- _INSTRUCTIONS FOR THE TASK_: How do the lines read from the one holding "Frases de Agradecimento" through the last line of the listing? Set them down exactly, pictures omitted.

- _EXERCISE DATA_:
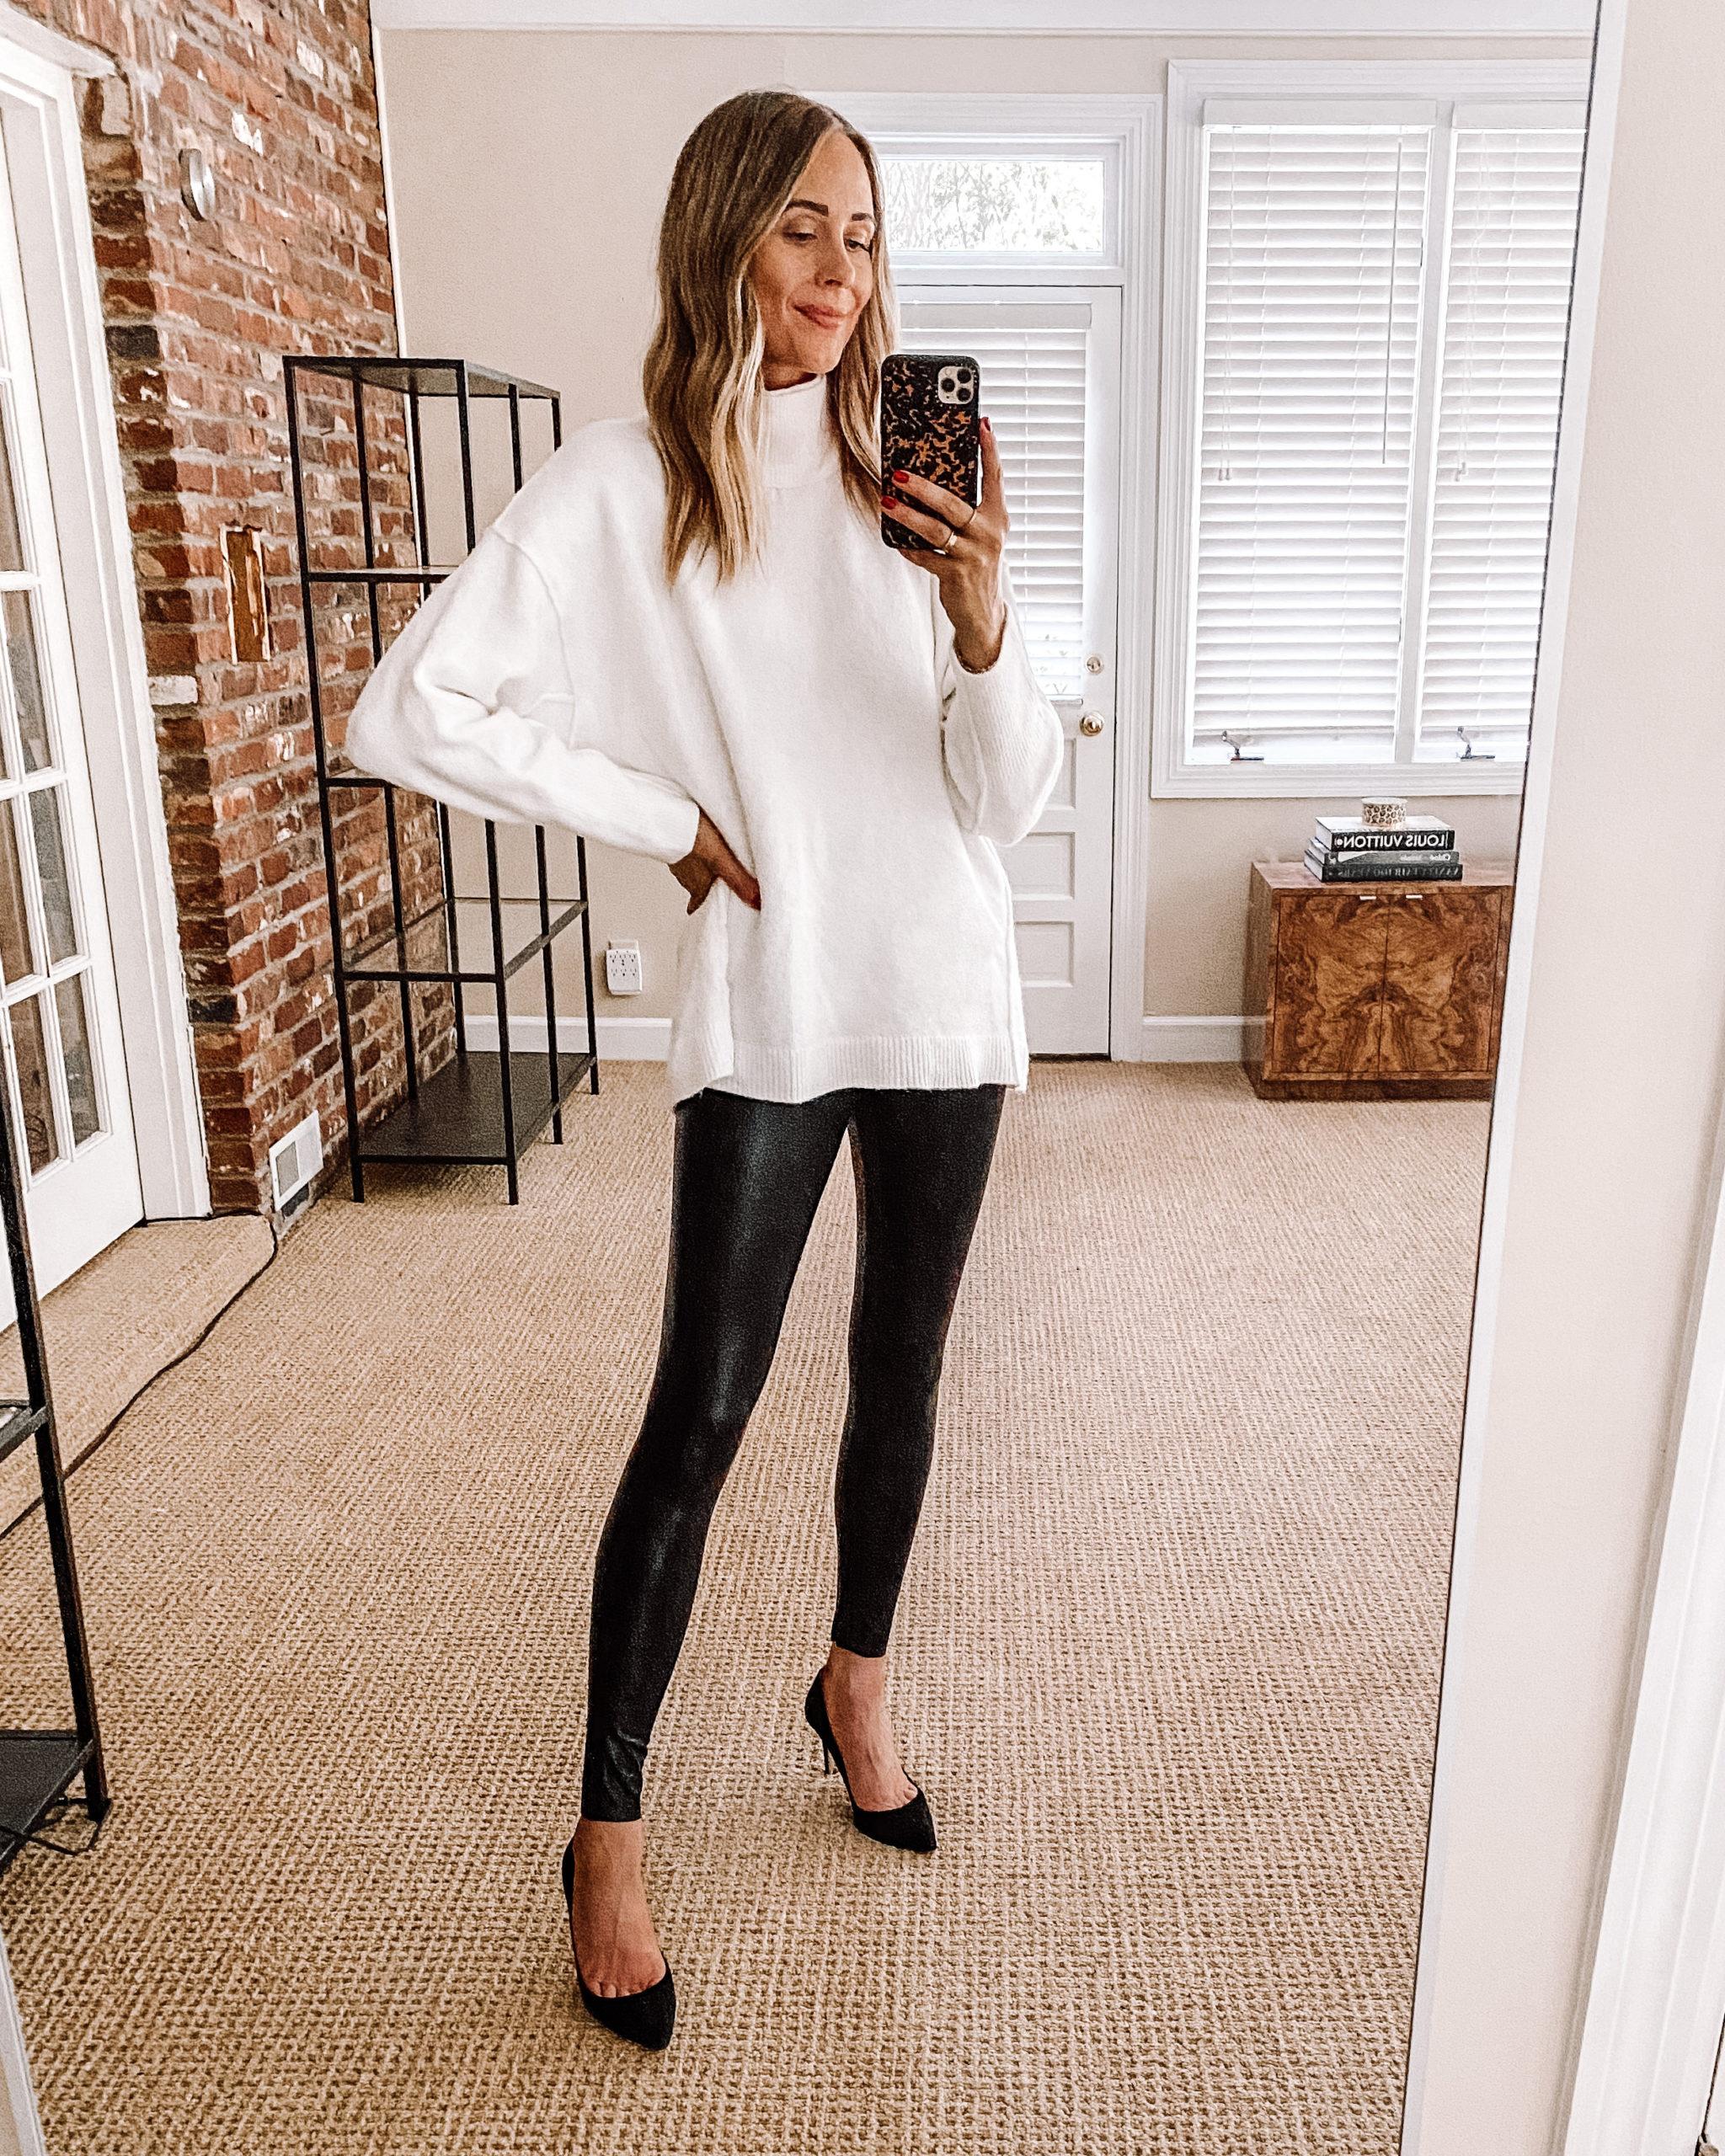 Fashion Jackson Nordstrom Anniversary Sale Free People Afterglow Mock Neck Top White Tunic Sweater Commando Leggings Black Pumps
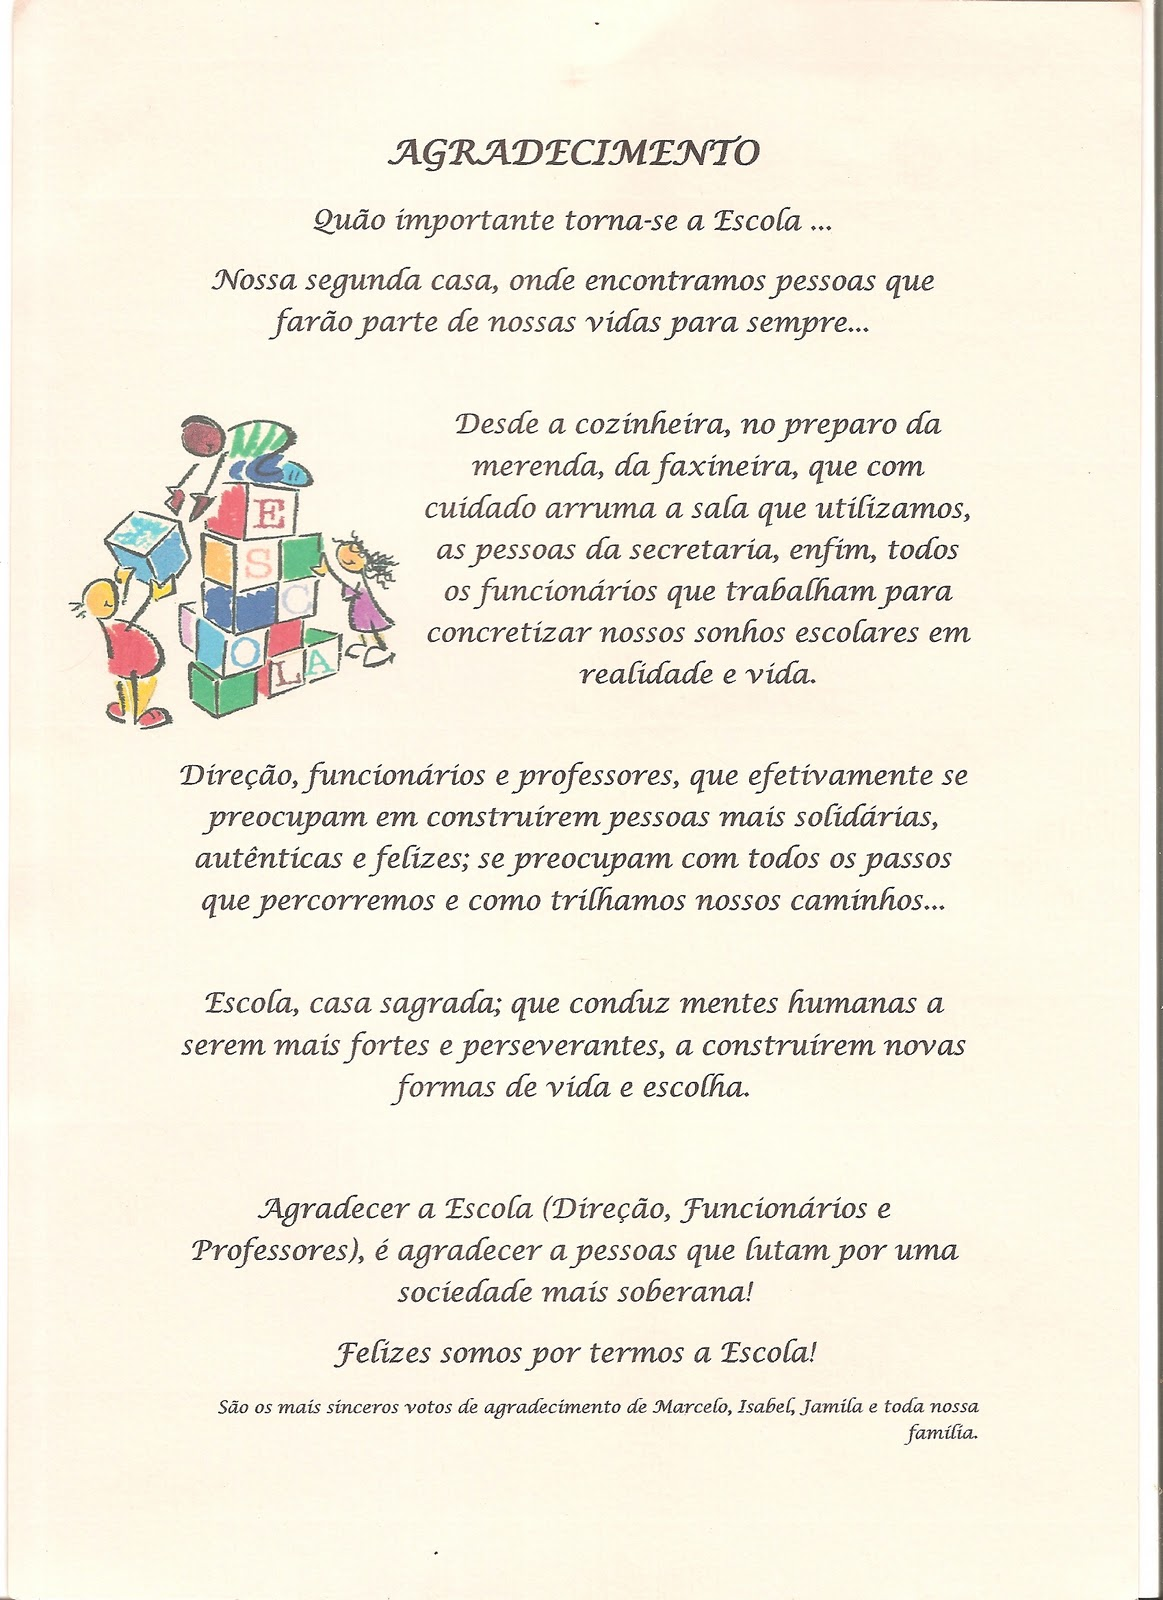 Frases de Agradecimento Profissional | Bilibio
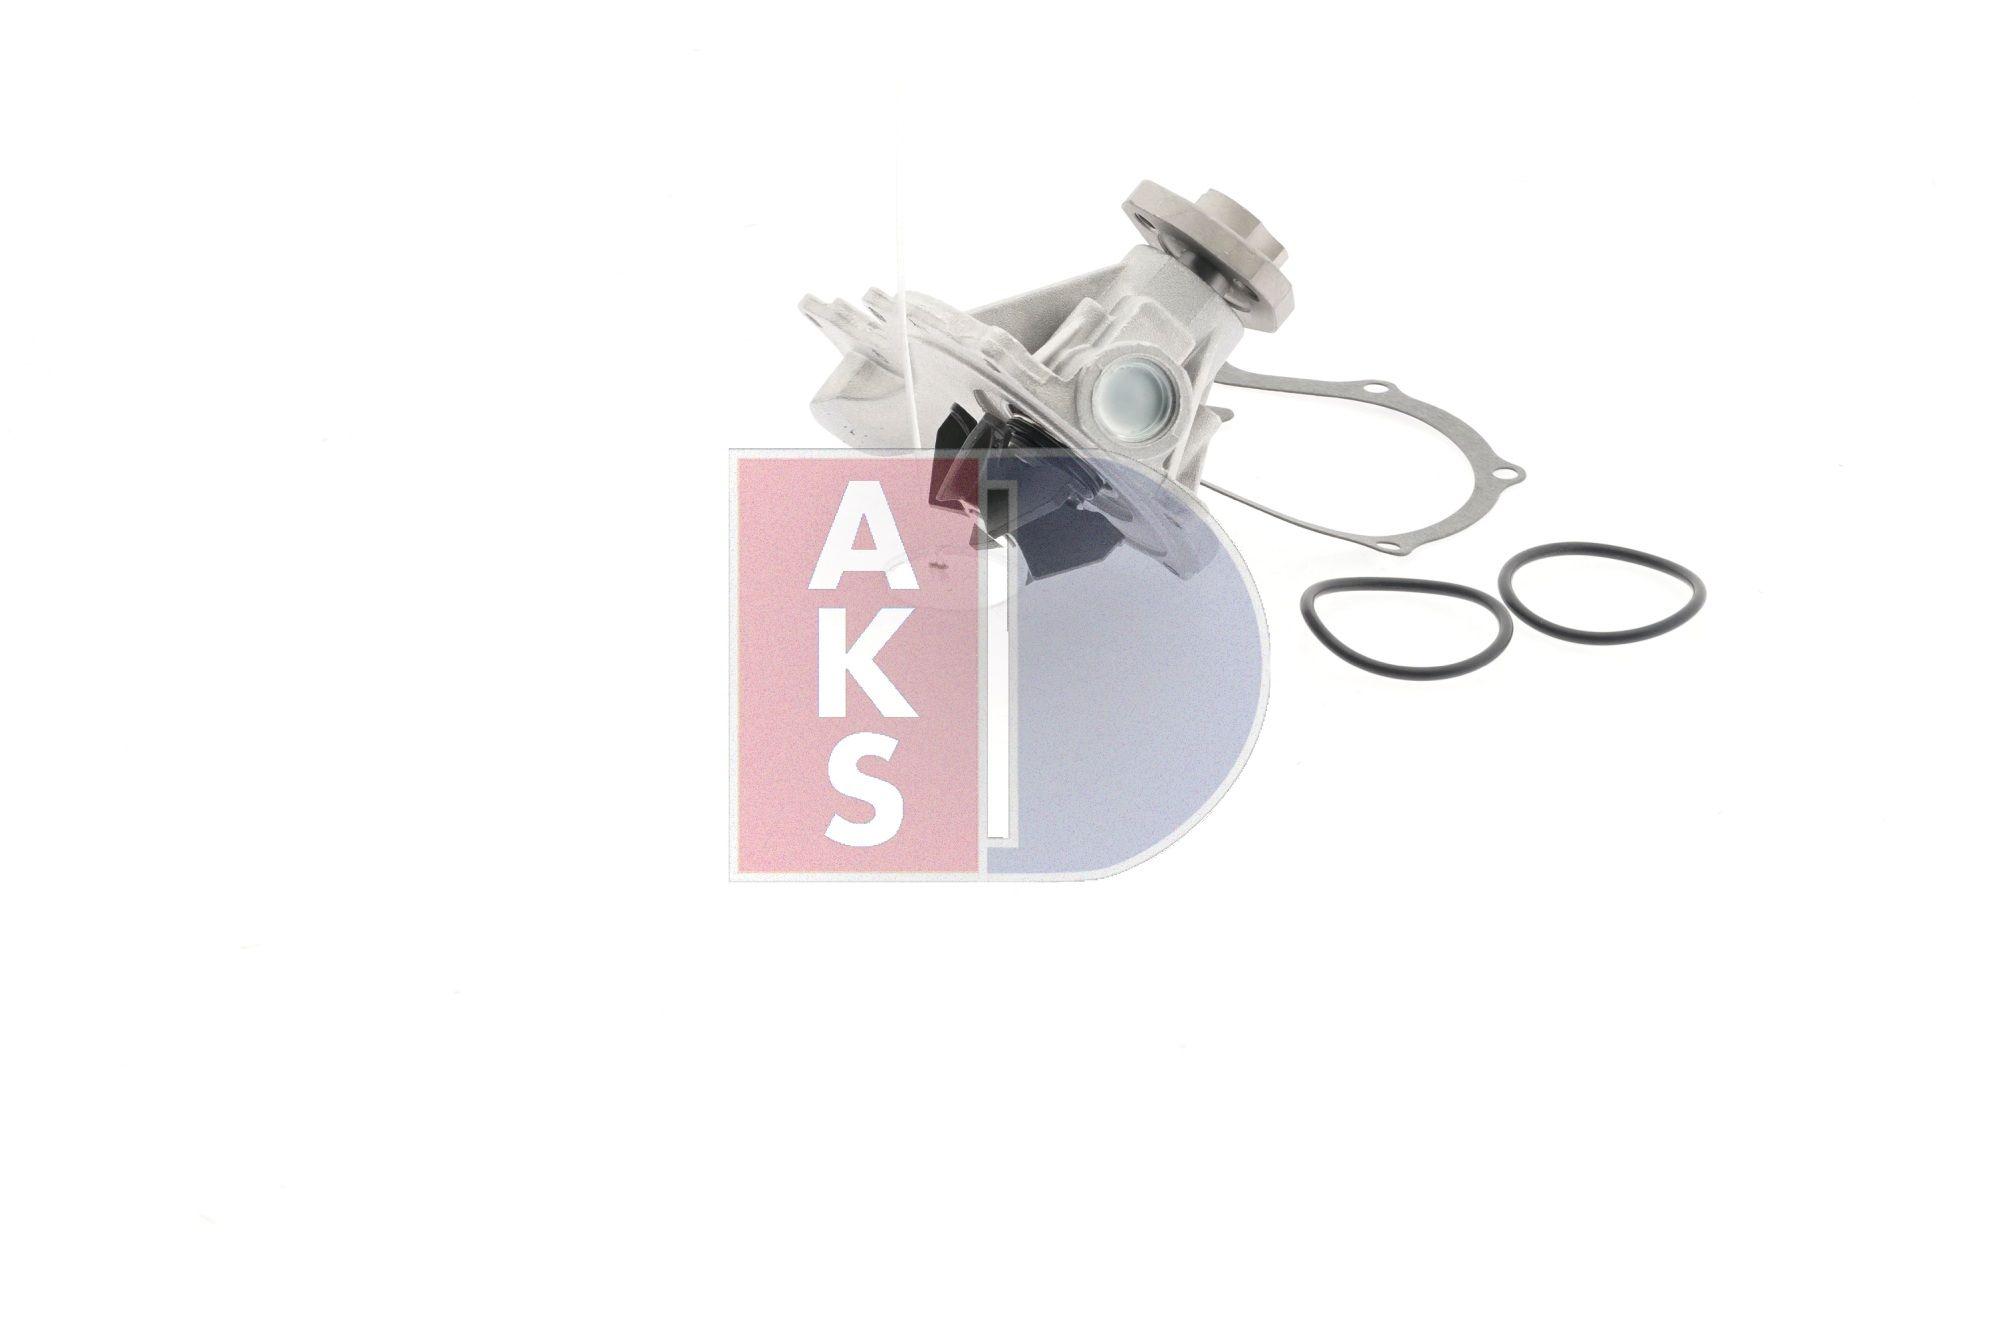 570003N Kühlmittelpumpe AKS DASIS in Original Qualität

- _COMPLETED TASK_:
 Frases de Agradecimento Profissional | Bilibio
 570003N Kühlmittelpumpe AKS DASIS in Original Qualität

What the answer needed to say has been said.